I also noticed that I could have the same item on both drives if I restored it back to the 622. I then deleted the ext. drive copy. When I moved the item back to the ext. drive it moved instantly. That is not surprising since delete usually means just eliminating the reference to the file.

I don't know if this is a problem unique to our drives or a general one. Time should reveal the answer.

BobMinn


----------



## Ken Green (Oct 6, 2005)

BobMinn said:


> I have found that after loading material to the USB drive the trick play functions don't work correctly and items can't be deleted. For example, slow motion becomes fast motion, play won't restart the program, only jump forward will, etc. Stop doesn't go to the window offering options.
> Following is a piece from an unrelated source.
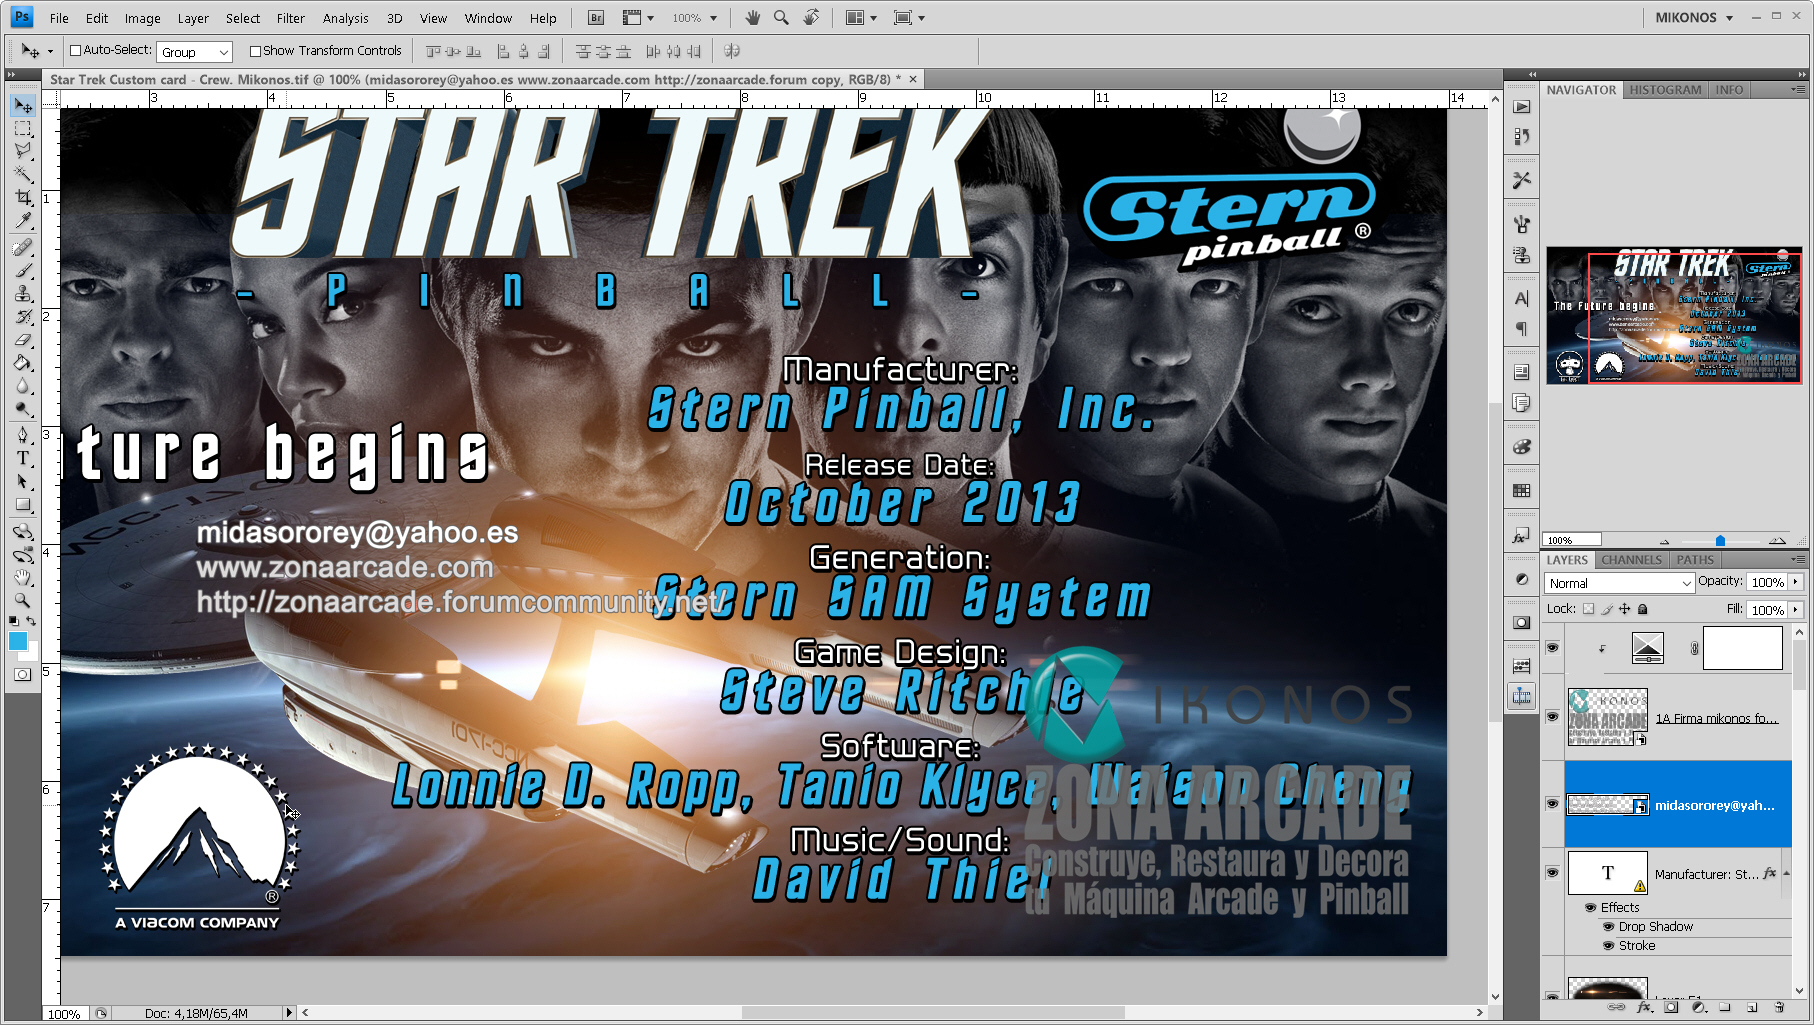 Star Trek Custom card - Crew. Mikonos2

In the Manage USB Drive Window, delete doesn't work.
> I found that if I power down the USB drive these functions work until another item is loaded to the USB drive.
> Have not tried all combinations of functions yet.
> The drive is a 500GB Seagate Free Agent.
> ...


Bob,
I am using a IoMagic 500gb and a WD MyBook 500gb. All of the functions operate normally....tricks work the same as they do with the receiver, and any event(s) can be checked and deleted.
Perhaps it's a EHDD issue  Have you tried formatting it a second time? No clue if that will cure it, and you will lose anything you can't move to the receiver HDD first.


----------



## Gary Noonan (Oct 14, 2005)

I bought a Seagate Free Agent 750 gig drive and have problems. I called Dish early yesterday and had unit activated. After I transferred about 50 gigs of programs to it (in several separate transfers), I could not transfer any more. Before I try each additional transfer the dish 622 reports more than 600 gigs free on the Seagate. I can play back those programs already downloaded but can not download any more to the Seagate. 

Now each transfer attempt brought up error 855, "An error occurred while downloading events to your USB storage device". This error message occurred a few times before it became impossible to download any material at all. But I kept trying to download and was successful many times. Now repeated attempts to downloadall result in the error message. 
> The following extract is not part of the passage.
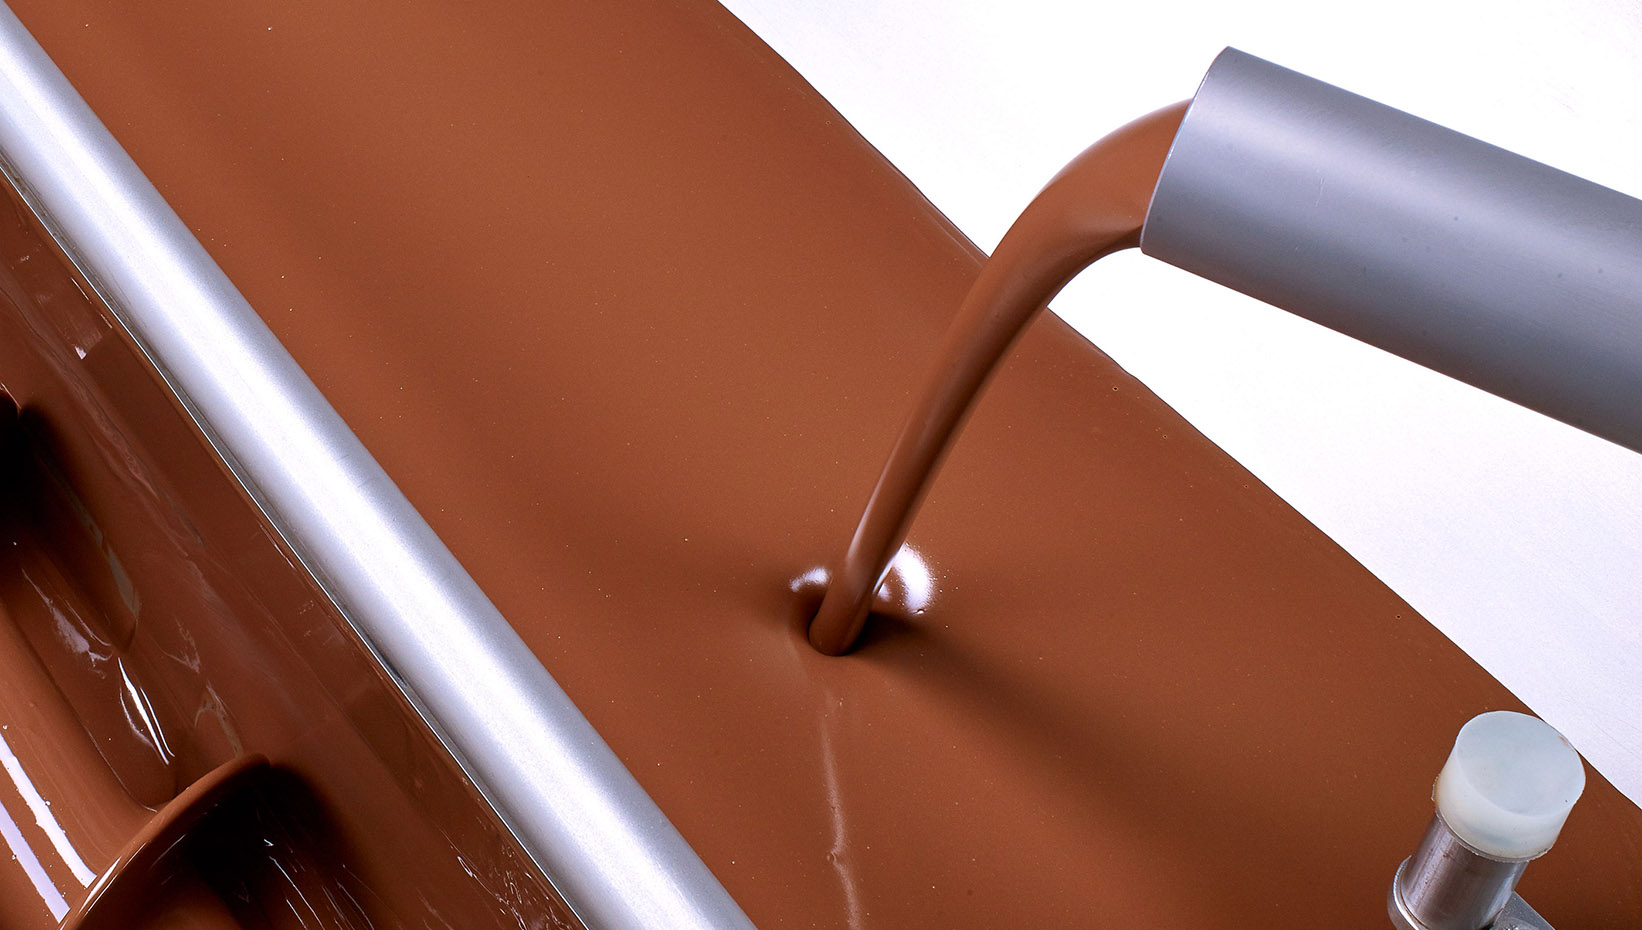 Processing of fluid chocolate.

Before connecting Seagate to 622 I tested it on my computer and it worked fine.

Techs at Dish say they have been given no tech info on external USB drives and have no idea what the error message means. They have no suggestions. One misinformed tech in India told me Dish does not allow customers to transfer programing to an external unit. On another call I could overhear the bewildered Indian techs discussing what to tell me. On another call I got through to "advanced tech" in US but tech had no info and said he did not know what to recommend I do. So there is no tech support for external drives yet.  
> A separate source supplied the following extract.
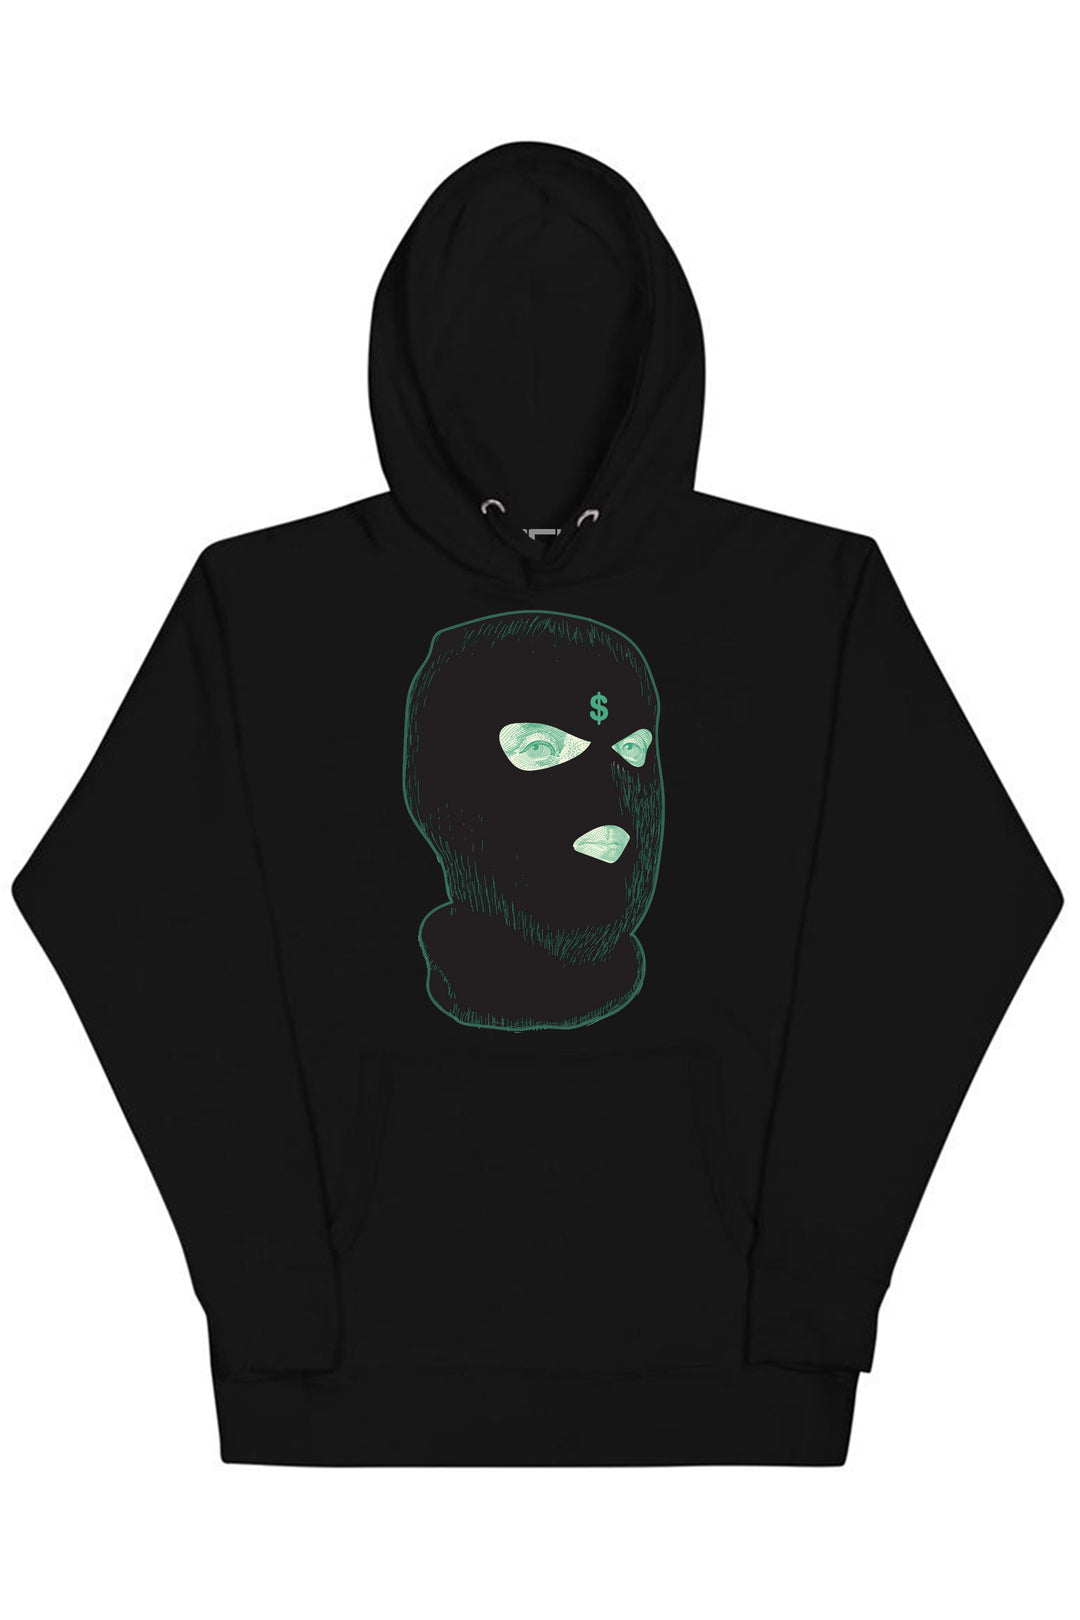 Ski Mask Money Hoodie (Black Logo) - Zamage

Have rebooted 622 many times. After each reboot it takes about 20 minutes before 622 will work with the drive at all--before the 20 mins are up, attempts to manage or interact with drive results in message telling me I need to call Dish and have my drive activated. I did that again today. Dish has confirmed that unit is activated and sent several activations.

Noticed after problems began that box drive came in said it was eSATA and USB2. Perhaps that means it is a SATA drive connected to a USB interface and perhaps dish 622 does not like such.  

Have just awhile ago connected a Western Digital 750 gig unit to 622 and have started transferring programs to see it it bombs out around 50 gigs. Will do a series of small transfers and see if it behaves better than the Seagate. 

Dish should have waited to intruduce external drives until after techs received info on them.


----------



## GBrock (Jan 20, 2004)

I'm having similar problems with a Seagate FA 750GB drive. Trouble getting it recognized, and the 622 loses connection with it and I can't transfer recordings to it. I think the Seagates are out of consideration for me with the 622. I'll be trying a Western Digital next.


----------



## SamSony (Mar 19, 2007)

The problems I described earlier is gone now. Trick functions are normal and all transfer and restore functions are working propertly. I'm still at L4.41, so that is not what fixed the problems. It just went away. *WEIRD!!!!*


----------



## BarneyC (Jan 9, 2005)

I too have a Seagate Free Agent 500gb and am having problems. The pause function pauses ok, but then, hitting it again, the play does not resume, nor does the play button resume play. I must use the jump forward, jump backward or fast forward to restart play. Various other problems intermittently as above. DISH is replacing my early 622 (Hardware ID is RBDB-N) with anew one in hopes it will cure the troubles. Anyone else?


----------



## Ron Barry (Dec 10, 2002)

I have a WD MyBook and I am not seeing the issues that are being described. Gary, are you saying that you had issues with your WD drive? 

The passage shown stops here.